Archive, Poems

CHRIS DOMBROWSKI Bird in My Boot

I have a bird in my muck boot, a leak
that collects water and squeaks with each
step. I thought to patch it but prefer

the company of an invisible warbler
who’s quiet until I walk and goes with me
until I pause, perhaps a lark, can’t tell,

its call muffled under footfalls, refugee
of the seraphim to be sure.  In a dark time,
a poet born near my birthplace wrote,

the eye begins to see. He also knew how
to spell Tittabawassee and that it flowed
via the Saginaw into a desecrated bay

like the shining eyes of a drinker
dulling as a bottle drains. I’m not
refuting, only saying that the ear

begins to hear as well, mine did, slight
wings and their settling.  I lived on a bay
I wished to enter permanently despite

a beloved’s touch and the predawn
whisperings of our children in the room
adjacent, and took heart in the poet’s

wondering if madness wasn’t nobility of soul
at odds with circumstance
until a young man
several states away, a child himself, entered

a school and shot twenty children. I untacked
the quoted syllables from the wall. Madness
was madness, that’s all.

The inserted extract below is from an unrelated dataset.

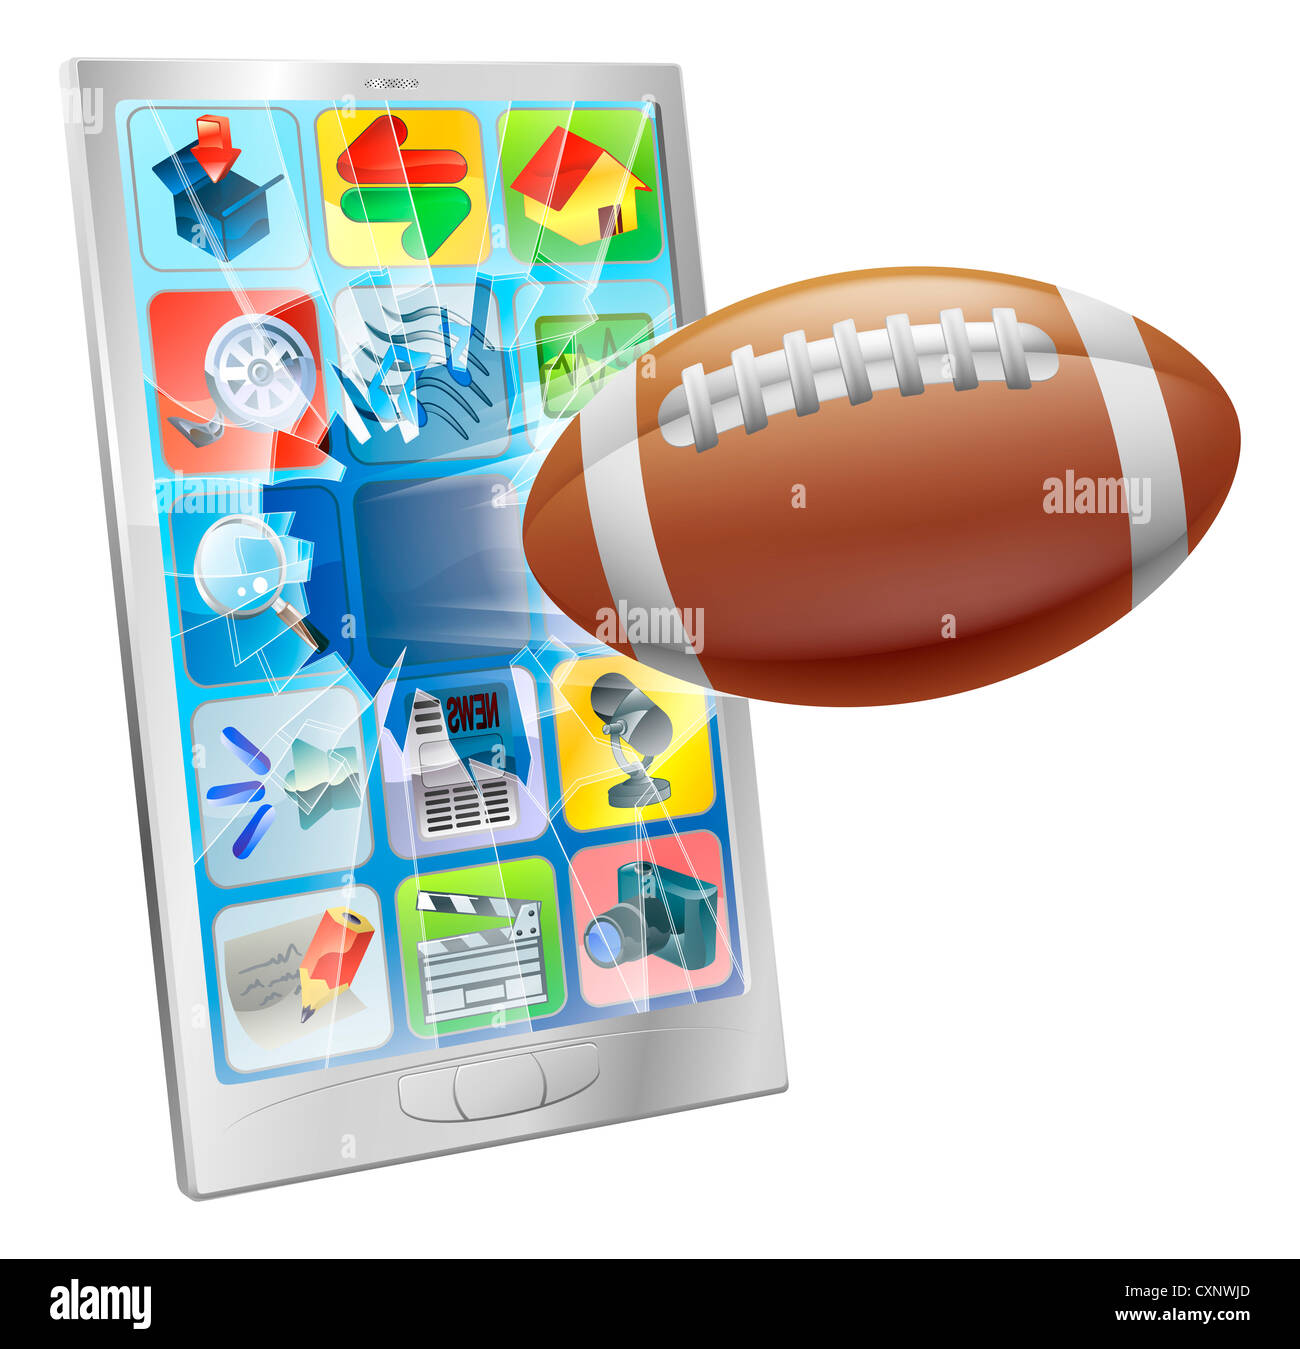 Ilustración de un balón de fútbol americano que volaba fuera de la pantalla del teléfono móvil Foto de stock

The wind that day

blew very hard and a kestrel hover-hunting
coastline snatched a woodcock from the air,
turning the late migrant into a formless

swirl of feathers, then stood in the yard
picking plumage from its prey’s upturned
breast. Slick meat hanging from its beak,

it stared me down, masked eyes looking past
my human to the one that aches to survive—
it lit ultimately in a blur of grey-orange,

leaving its mark to billow as it disappeared
into that country owned by the winged,
upon whose constant intercession I depend.

Chris Dombrowski is the author of two full-length poetry collections, most recently Earth Again (Wayne State University Press, 2013), and the memoir Body of Water (Milkweed Editions, 2016).  He lives with his family in Missoula, MT, where he directs the Beargrass Writing Workshops.